In altri paesi invece i cittadini votano sia il parlamento sia l’esecutivo. Per esempio in America, in due elezioni diverse. O per esempio in Francia, dove fino alla fine degli anni ’50 avevano un sistema come il nostro, ma poi non riuscivano a governare, e allora hanno deciso di votare sia l’uno che l’altro, e neppure nello stesso giorno, per non confondersi. E funziona ancora così: Hollande è stato eletto a maggio e qualche settimana dopo gli elettori hanno anche votato il parlamento. E se poi la maggioranza è diversa? È capitato tante volte: si trovano delle soluzioni, perché il presidente può cambiare il primo ministro, ma lui resta e la stabilità finora è sempre stata garantita.

Non contare nulla ha i suoi vantaggi, nel mio caso quello di scrivere un post che non è di attualità e che non risolve la cronaca politica di questi giorni.
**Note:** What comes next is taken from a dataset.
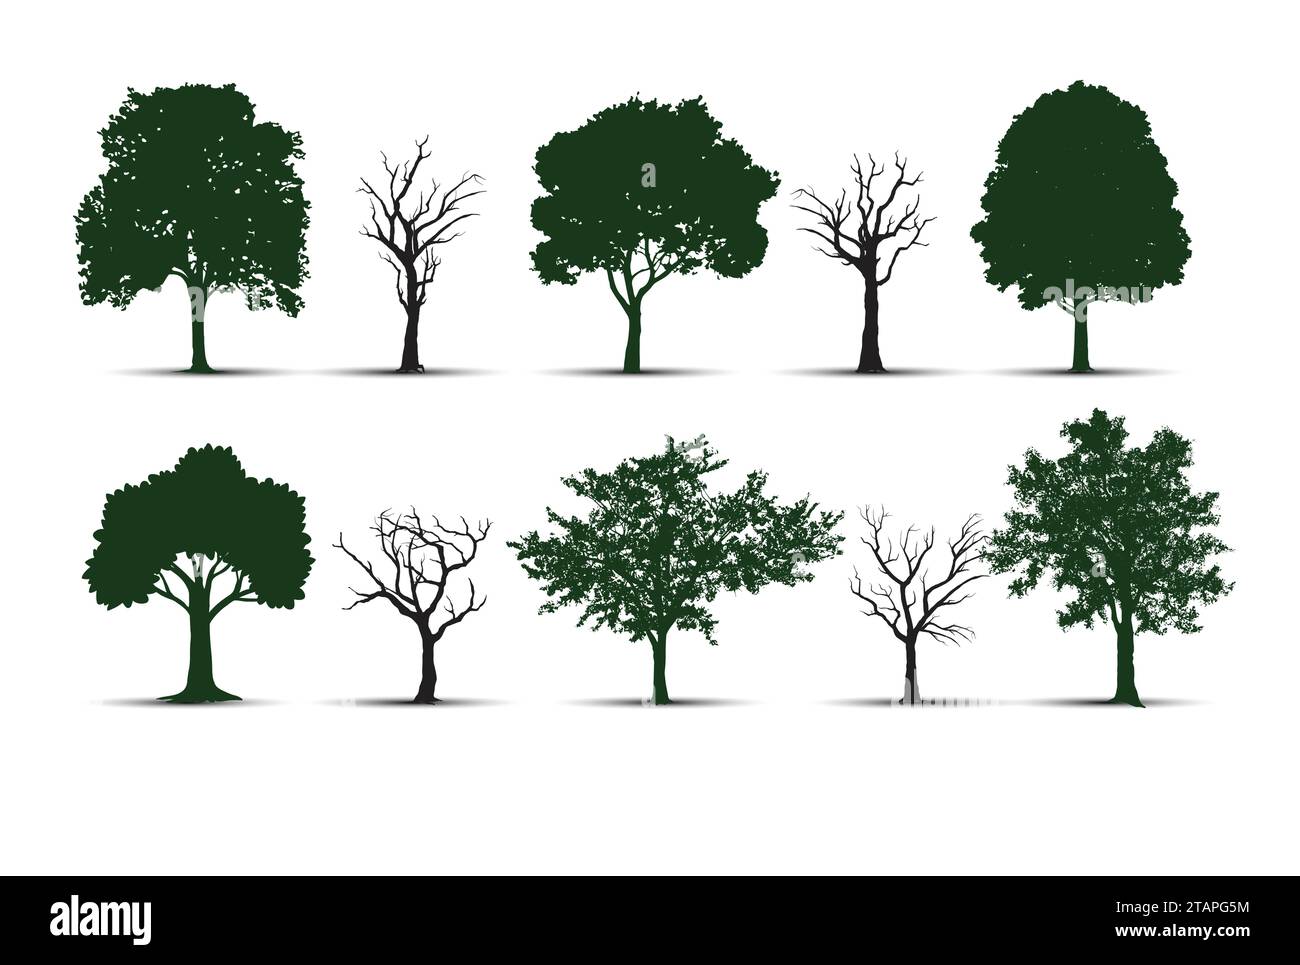 vector trees isolated on white background, vector trees set image component Stock Vector
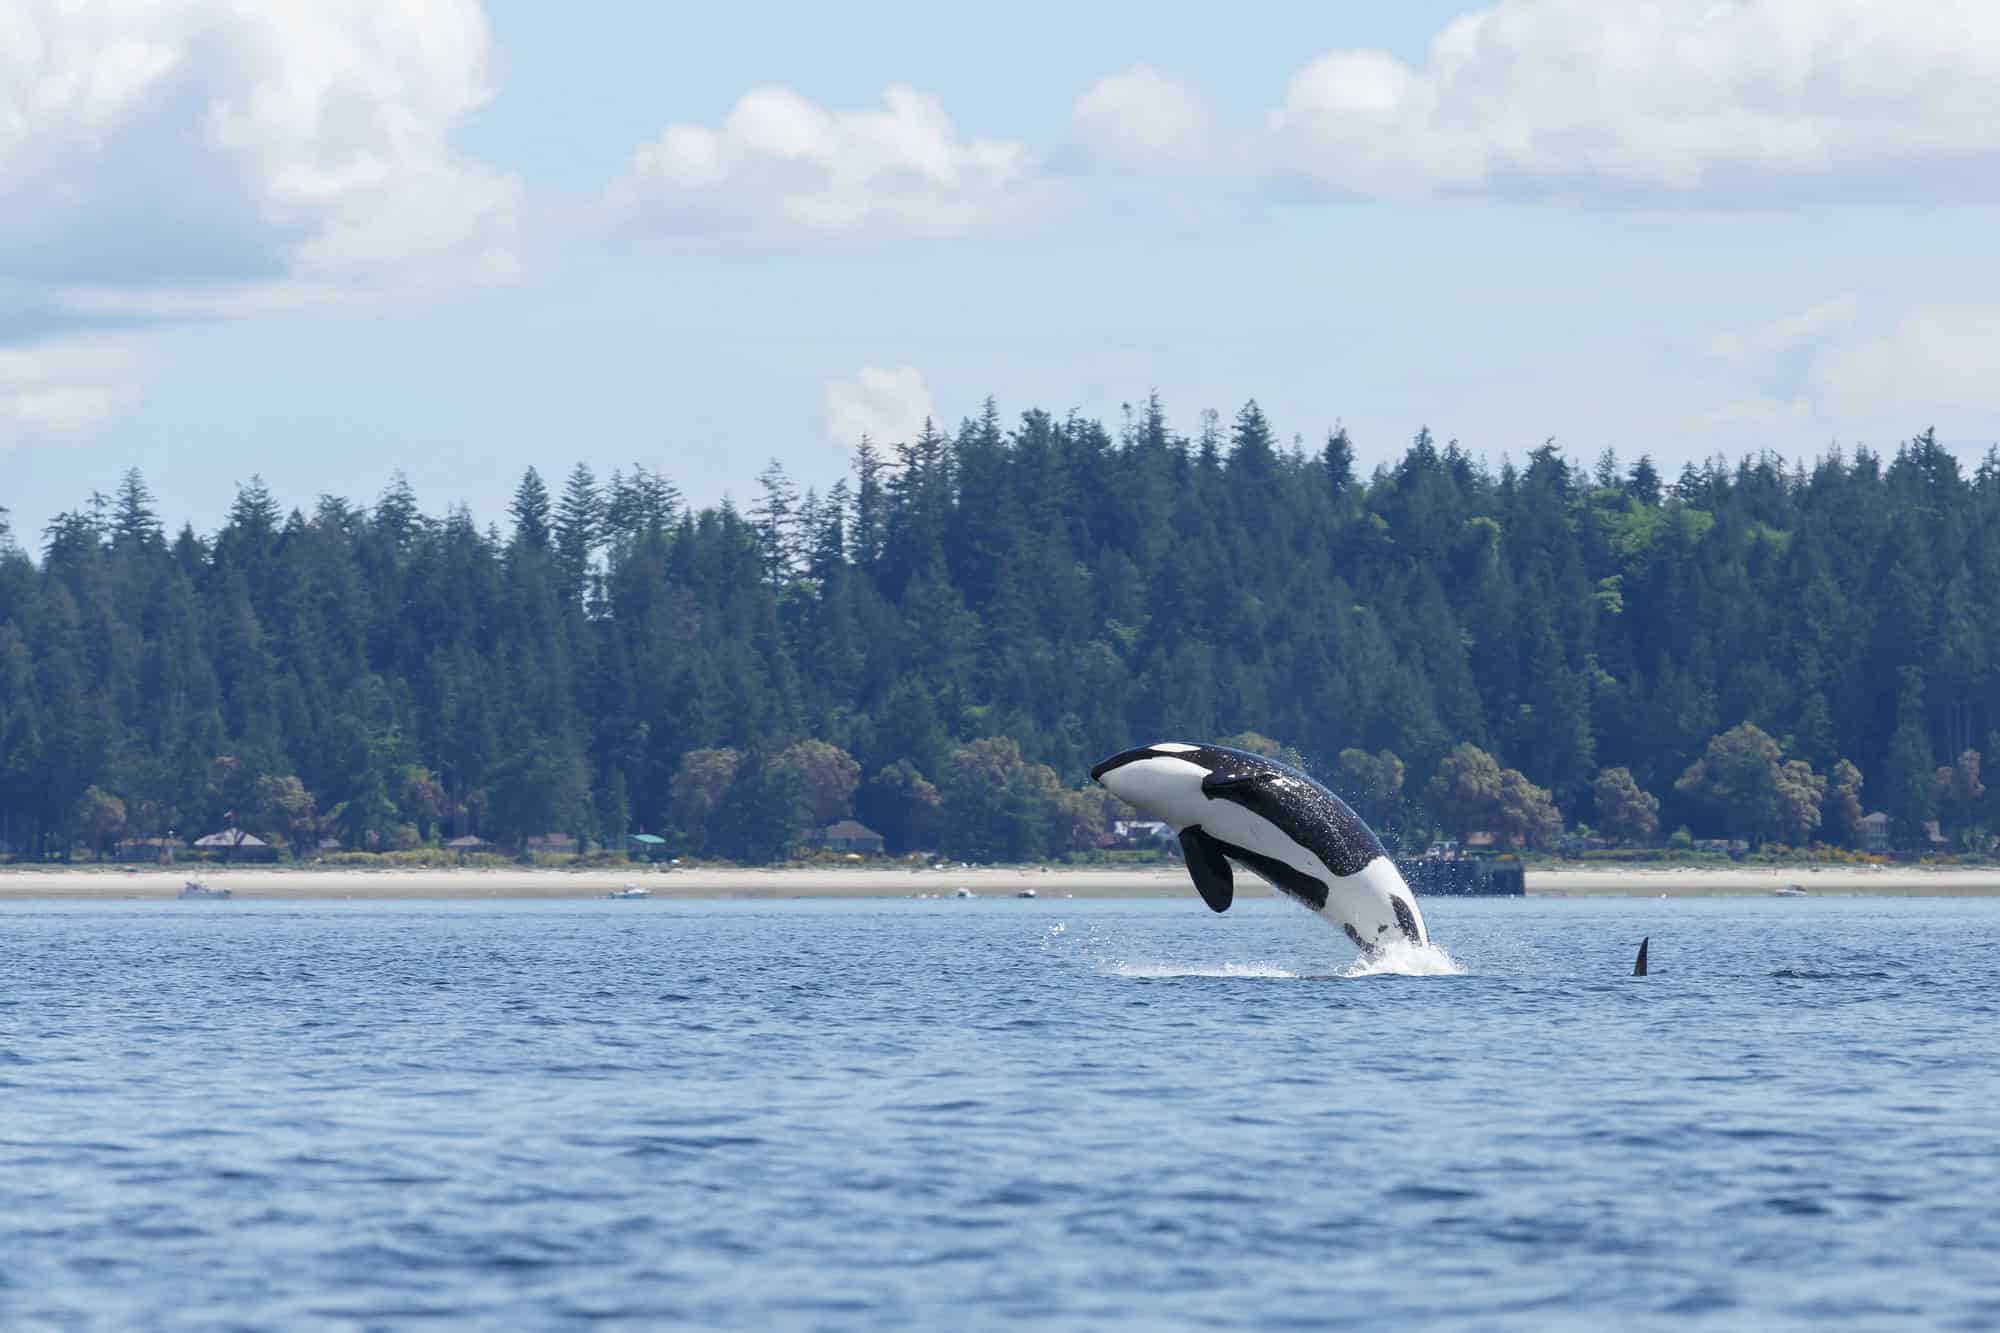 <p>Encounters between <a href="https://www.animalsaroundtheglobe.com/largest-dolphin-ever-recorded-1-166254/">dolphins</a> and orcas in the wild are not uncommon, as their habitats often overlap. However, the dramatic nature of this interaction – with the orca headbutting the dolphin mid-air – is a <a class="wpil_keyword_link" href="https://www.animalsaroundtheglobe.com/top-5-rarest-animals-around-the-globe/" title="rare">rare</a> and startling event, highlighting the raw and wild aspects of wildlife.</p>           Sharks, lions, tigers, as well as all about cats & dogs!           <a href='https://www.msn.com/en-us/channel/source/Animals%20Around%20The%20Globe%20US/sr-vid-ryujycftmyx7d7tmb5trkya28raxe6r56iuty5739ky2rf5d5wws?ocid=anaheim-ntp-following&cvid=1ff21e393be1475a8b3dd9a83a86b8df&ei=10'>           Click here to get to the Animals Around The Globe profile page</a><b> and hit "Follow" to never miss out.</b>

Però con tutte queste novità, ora che la stabilità è obbligatoria (molto più che in passato) per le necessità della connessione con l’Europa e che anche noi abbiamo capito che non si è meno democratici se si vota anche il governo, anzi lo si è di più, potremmo cominciare a pensarci, no? E forse noi non siamo politicamente instabili per un dato antropologico, ma perché non abbiamo un sistema di governo adequato. In fondo non è neppure esatto dire che l’Italia è culturalmente contro il voto all’esecutivo: la Lombardia è presidenzialista, la Sicilia è presidenzialista (per questo i grillini possono collaborare col presidente, perché sono due livelli distinti), il Lazio è presidenzialista, il Molise è presidenzialista, l’Emilia Romagna è presidenzialista, la Puglia è presidenzialista… Perché solo a livello nazionale non ci pare utile?

Gianluca Briguglia

Gianluca Briguglia è professore di Storia delle dottrine politiche all'Università di Venezia Ca' Foscari. È stato direttore della Facoltà di Filosofia dell'Università di Strasburgo, dove ha insegnato Filosofia medievale e ha fatto ricerca e ha insegnato all'Università e all'Accademia delle Scienze di Vienna, all'EHESS di Parigi, alla LMU di Monaco. Il suo ultimo libro: Il pensiero politico medievale.